The Appassionata, in common with most of the works Beethoven wrote in the first decade of the nineteenth century, is a study in thematic tenacity. His conceit at this period was to create mammoth structures from material that, in lesser hands, would scarcely have afforded a good sixteen-bar introduction. The themes, as such, are usually of minimal interest but are often of such primal urgency that one wonders why it took a Beethoven to think them up.

The eminent English musicologist Sir Donald Tovey noted exactly the same abundance of inspiration derived from a paucity of material in the nearly contemporary Symphony no. 5, about which he counseled the listener that the power of the music is not contained in its themes, but rather in the “long sentences” that Beethoven built from them. It is this sense of inexorable growth and change, of driving toward the next goal, of constantly seeking, that places the Appassionata Sonata on the highest plateau of Beethoven’s achievement.

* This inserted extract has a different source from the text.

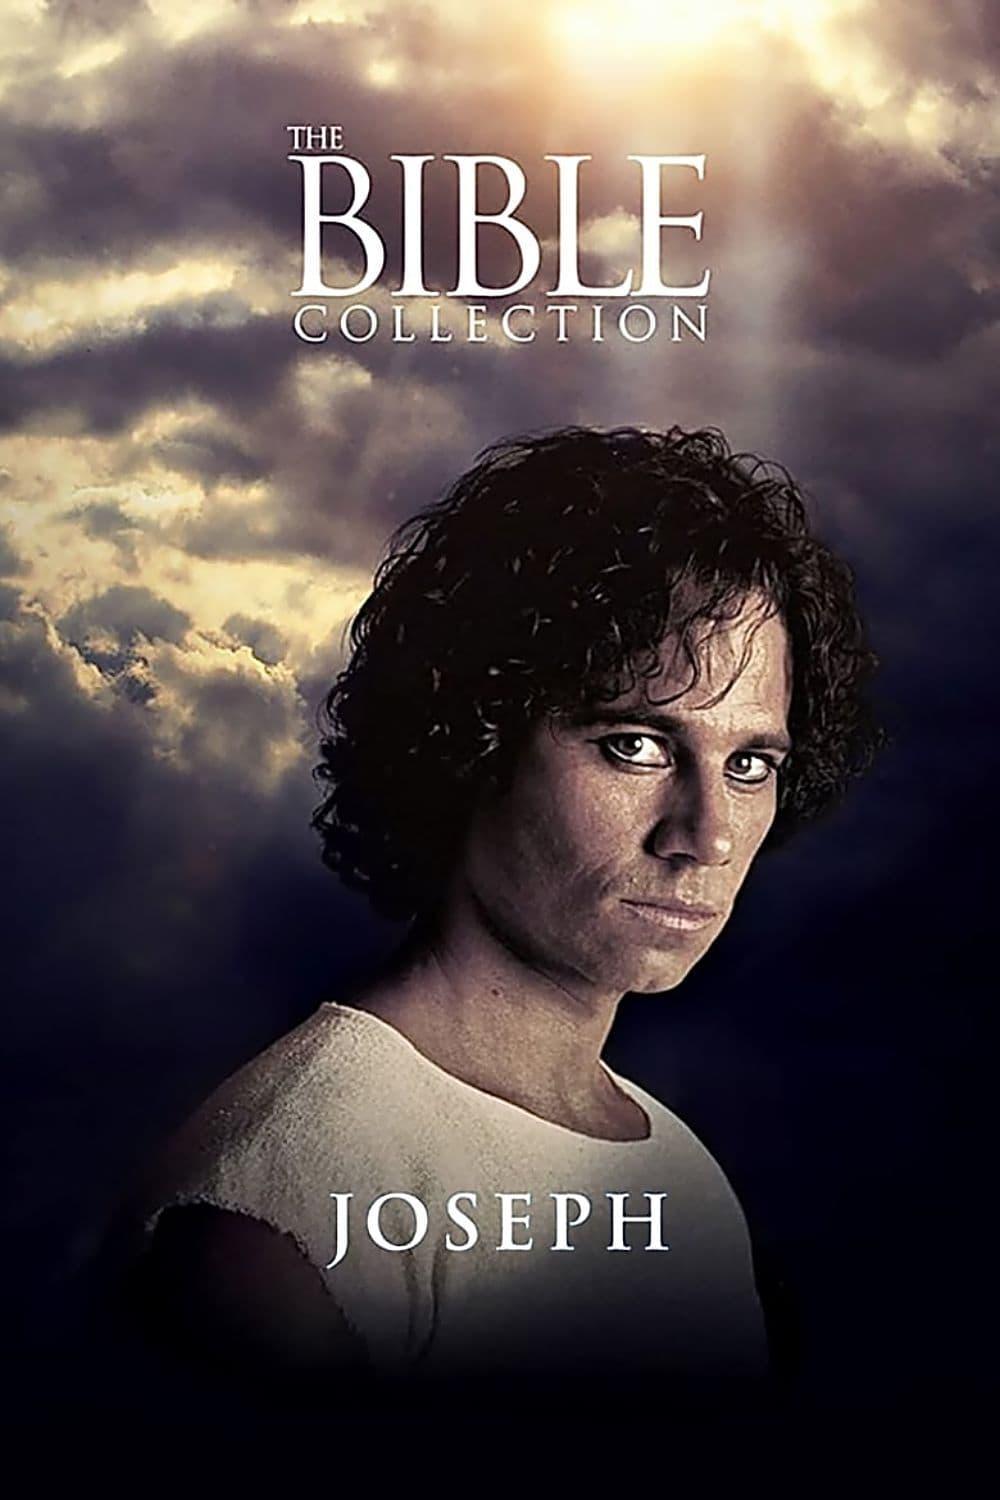 Die Bibel - Josef poster

Richard E. Rodda, a former faculty member at Case Western Reserve University and the Cleveland Institute of Music, provides program notes for many American orchestras, concert series, and festivals.

PROFILES

With an innate musical sensitivity and naturalness to his artistry, twentysix-year-old pianist Mao Fujita has already impressed many leading musicians as one of those special talents that come along only rarely, equally at home in Mozart and the major romantic repertoire.

Born in Tokyo, Japan, Fujita was still studying at the Tokyo College of Music in 2017 when he won first prize at the prestigious Concours International de Piano Clara Haskil in Switzerland, along with the Audience Award, Prix Modern Times, and the Prix Coup de Coeur, which first brought him to the attention of the international music community. He was also the silver medalist at the 2019 Tchaikovsky Competition in Moscow.

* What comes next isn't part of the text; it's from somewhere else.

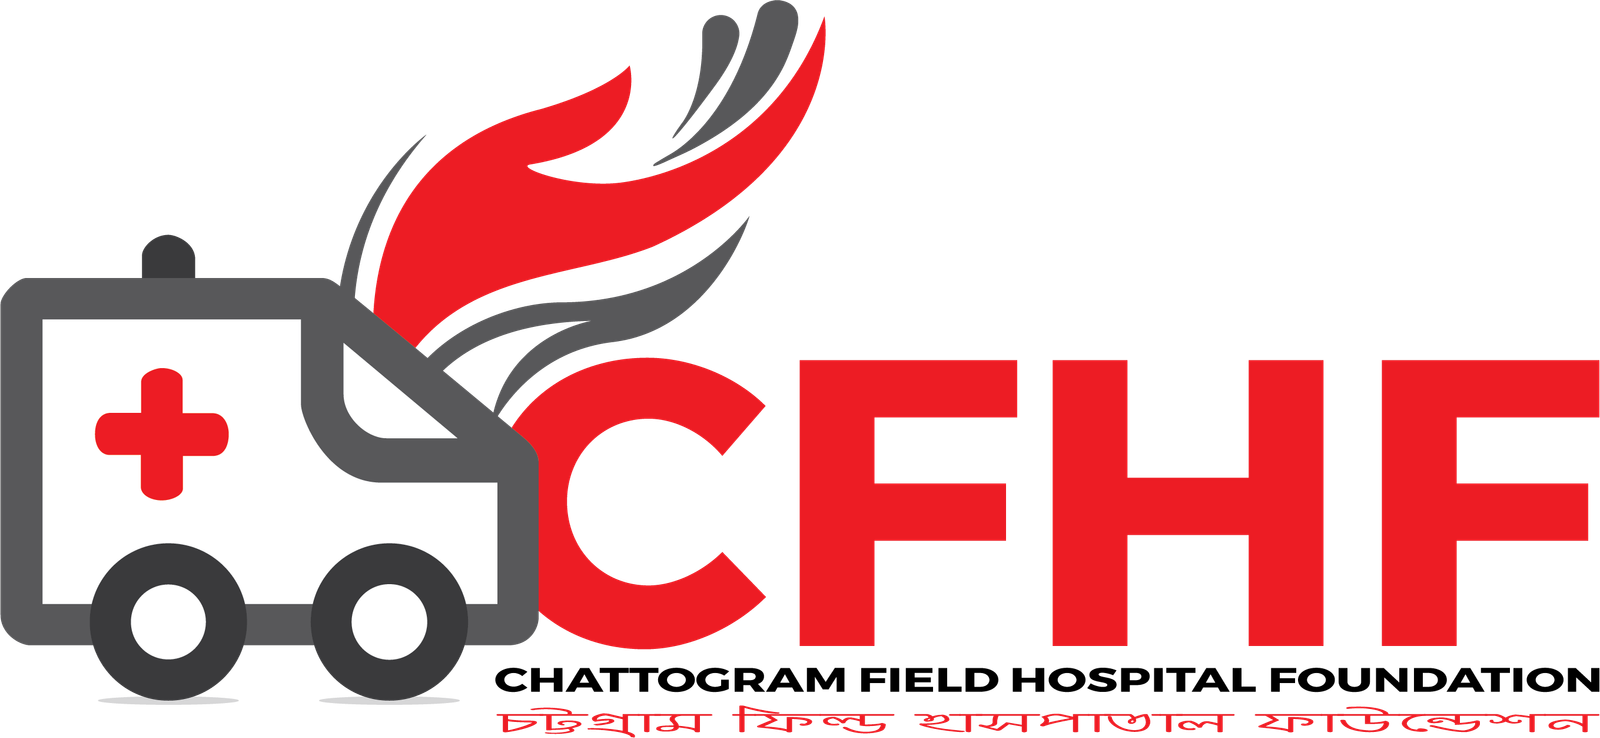 Chattogram Field Hospital Foundation

In the 2024–25 season, Fujita continues his series of recital debuts at major festivals and venues across Europe, America, and Asia. He also debuts with the Philharmonia Orchestra, National Symphony Orchestra in Washington (D.C.), and at the BBC Proms with the Czech Philharmonic. Other season highlights include a return to Carnegie Hall for a solo recital at the Stern Auditorium and a performance with the Wiener Symphoniker as part of the celebrations for the reopening of Theater an der Wien.

Fujita has performed with conductors including Semyon Bychkov, Christoph Eschenbach, Charles Dutoit, Manfred Honeck, Jakub Hrůša, Vasily Petrenko, Lahav Shani, and Kazuki Yamada. He has appeared with the Royal Concertgebouw Orchestra, Orchestre Philharmonique de Radio France, Symphonieorchester des Bayerischen Rundfunks, Los Angeles Philharmonic, Wiener Symphoniker, Filarmonica della Scala, Israel Philharmonic Orchestra, Royal Philharmonic Orchestra, and Tokyo Metropolitan Symphony Orchestra.

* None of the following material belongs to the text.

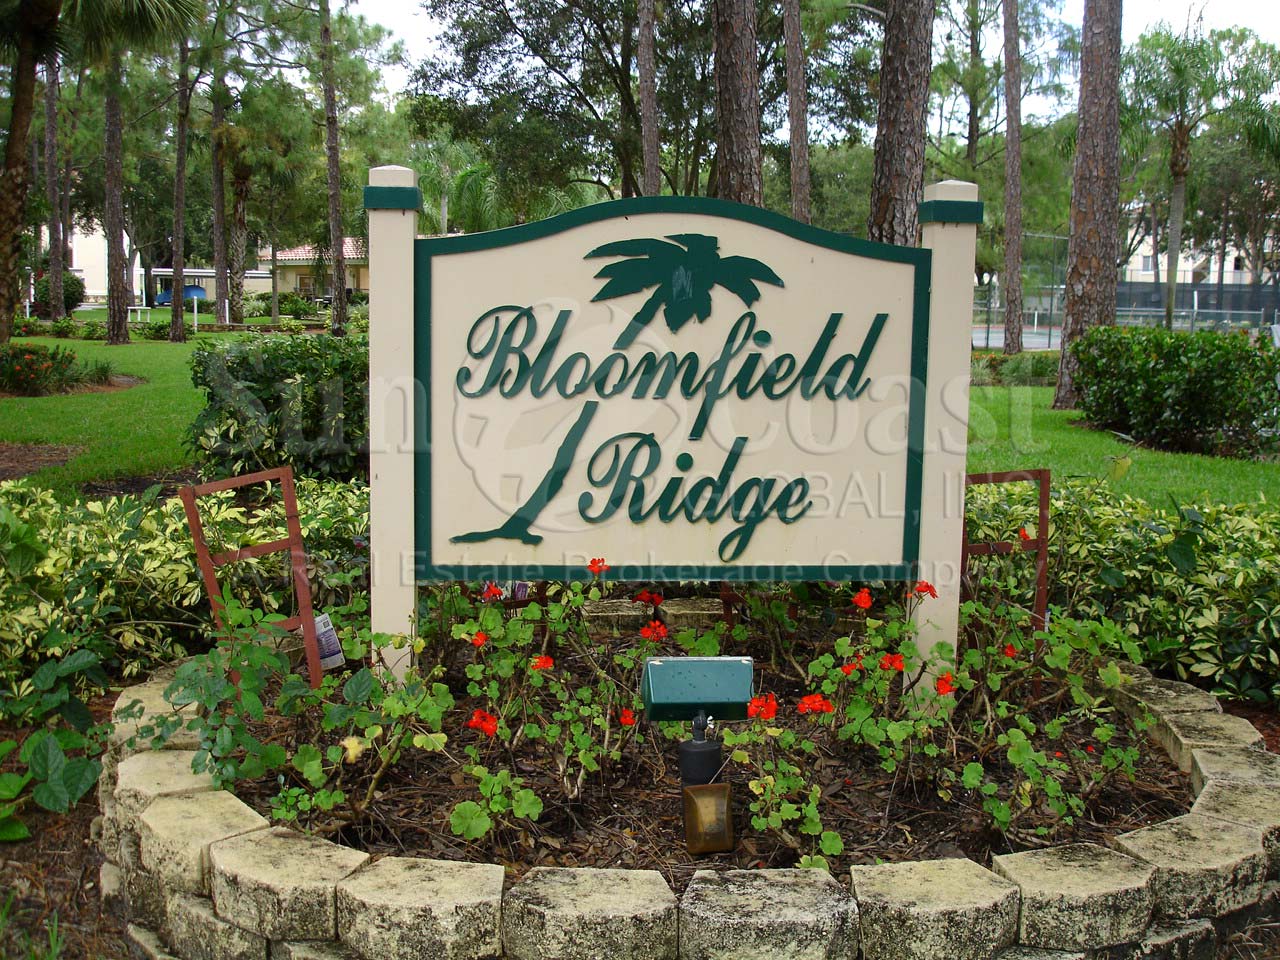 Bloomfield Ridge signage

Fujita is an exclusive Sony Classical International artist. In October 2022, his debut album of Mozart’s complete piano sonatas was released to unanimous acclaim for its transparent sound worlds and vividly detailed interpretation. His second album on the Sony Classical label, 72 Preludes, which champions the twenty-four preludes of Chopin, Scriabin, and Yashiro, was released in September 2024.

Starting piano lessons at the age of three, Fujita won his first international prize in 2010 at the World Classic in Taiwan, later becoming a laureate of numerous national and international competitions, such as the Rosario Marciano International Piano Competition in Vienna, Zhuhai International Mozart Competition for Young Musicians, and the Gina Bachauer International Young Artists Piano Competition.